PeptideSciences Confirms Compliance-Driven Discontinuations
Peptide Sciences has issued a direct statement to Peptide Critic acknowledging that it has discontinued several high-profile compounds as part of routine compliance updates and alignment with evolving industry guidance.
“We want to let you know that we have discontinued several items, including Semaglutide, Tirzepatide, Retatrutide, and MK-677, as part of our routine compliance updates and alignment with evolving industry compliance guidance.”
“This was a proactive business decision and not related to any issue with the materials. We regularly review our catalog to ensure it reflects our internal standards and long-standing quality framework.”
While framed as proactive and routine, the scope of the products removed is notable. These are not fringe peptides, they are the most commercially significant, injectable, pharma-adjacent compounds in the research market.
Modern Aminos Notifies Affiliates of GLP Pullback
Shortly after the Peptide Sciences confirmation, Modern Aminos distributed an announcement to its affiliate network outlining a similar decision.
In that communication, Modern Aminos stated that regulatory expectations and compliance standards are evolving and that changes were necessary to ensure long-term sustainability of the business.
“As regulatory expectations and compliance standards continue to evolve, we’ve had to make several difficult decisions to ensure Modern Aminos can continue operating responsibly and sustainably for years to come.”
“Because of these changes, we have decided to discontinue the following GLP-related research products, effective December 31st, or earlier if inventory sells out.”
The discontinued product categories include GLP, GLP/GIP, GLP/GIP/Glucagon, cagrilintide, and Cagrisema Sodium, overlapping directly with the same high-risk classes removed by other vendors.
Why These Statements Matter
This update shifts the story from inference to confirmation.

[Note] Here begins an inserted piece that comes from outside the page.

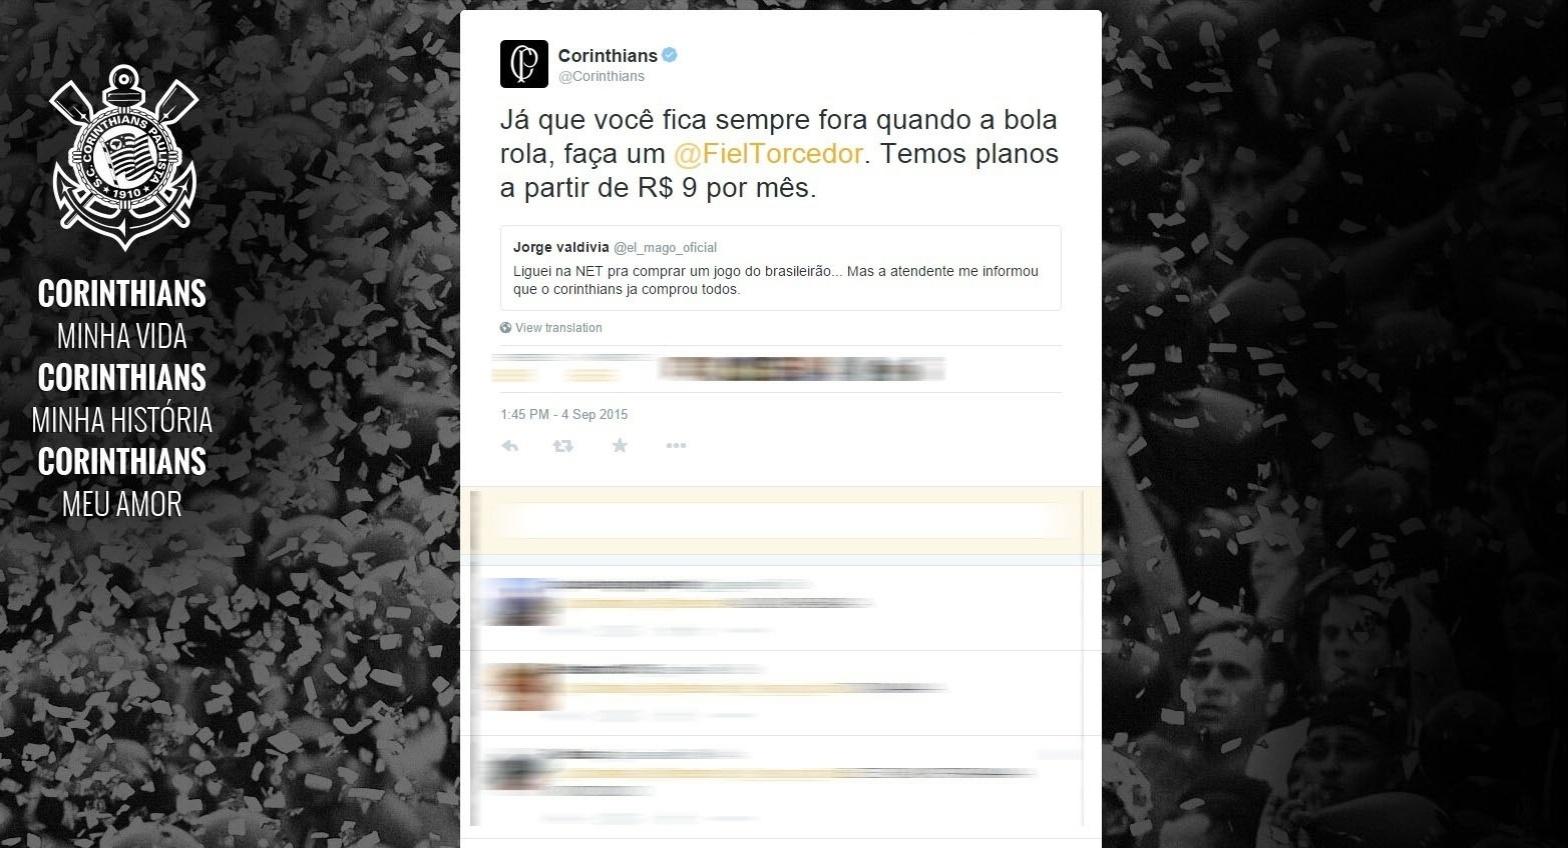 Corinthians responde à provocação de Valdivia no Twitter

What was previously deduced from vendor behavior is now being stated directly: large, established peptide suppliers are intentionally exiting GLP-related product categories due to compliance and regulatory pressure.
- Both vendors explicitly cite evolving compliance expectations.
- Both actions target injectable, pharma-adjacent peptides.
- Neither attributes the decision to quality, supply, or demand issues.
- Both emphasize long-term business sustainability.
This strongly suggests that risk tolerance across the industry has shifted, particularly for products that closely resemble approved or near-approved pharmaceutical drugs.
Context From the Earlier Peptide Sciences Report
In our earlier reporting, we noted that vendor behavior is often the most reliable signal in loosely regulated markets. Large suppliers do not voluntarily walk away from their most profitable products without a compelling reason.
The subsequent statements from Peptide Sciences and Modern Aminos reinforce that conclusion. This is not a rumor cycle or isolated decision. It is a coordinated retreat from categories that now carry elevated legal or regulatory exposure.
The Bottom Line
GLP-related research peptides are being actively removed from mainstream vendor catalogs, not quietly, not accidentally, and not due to material issues.
Peptide Sciences and Modern Aminos have now confirmed what the market has been signaling for months: the window for openly selling injectable, pharma-adjacent peptides through public storefronts is narrowing.
Whether this evolves into formal enforcement actions or remains a slow compliance squeeze, the research peptide landscape has already changed. The most important evidence is not speculation, but the decisions vendors are making in real time.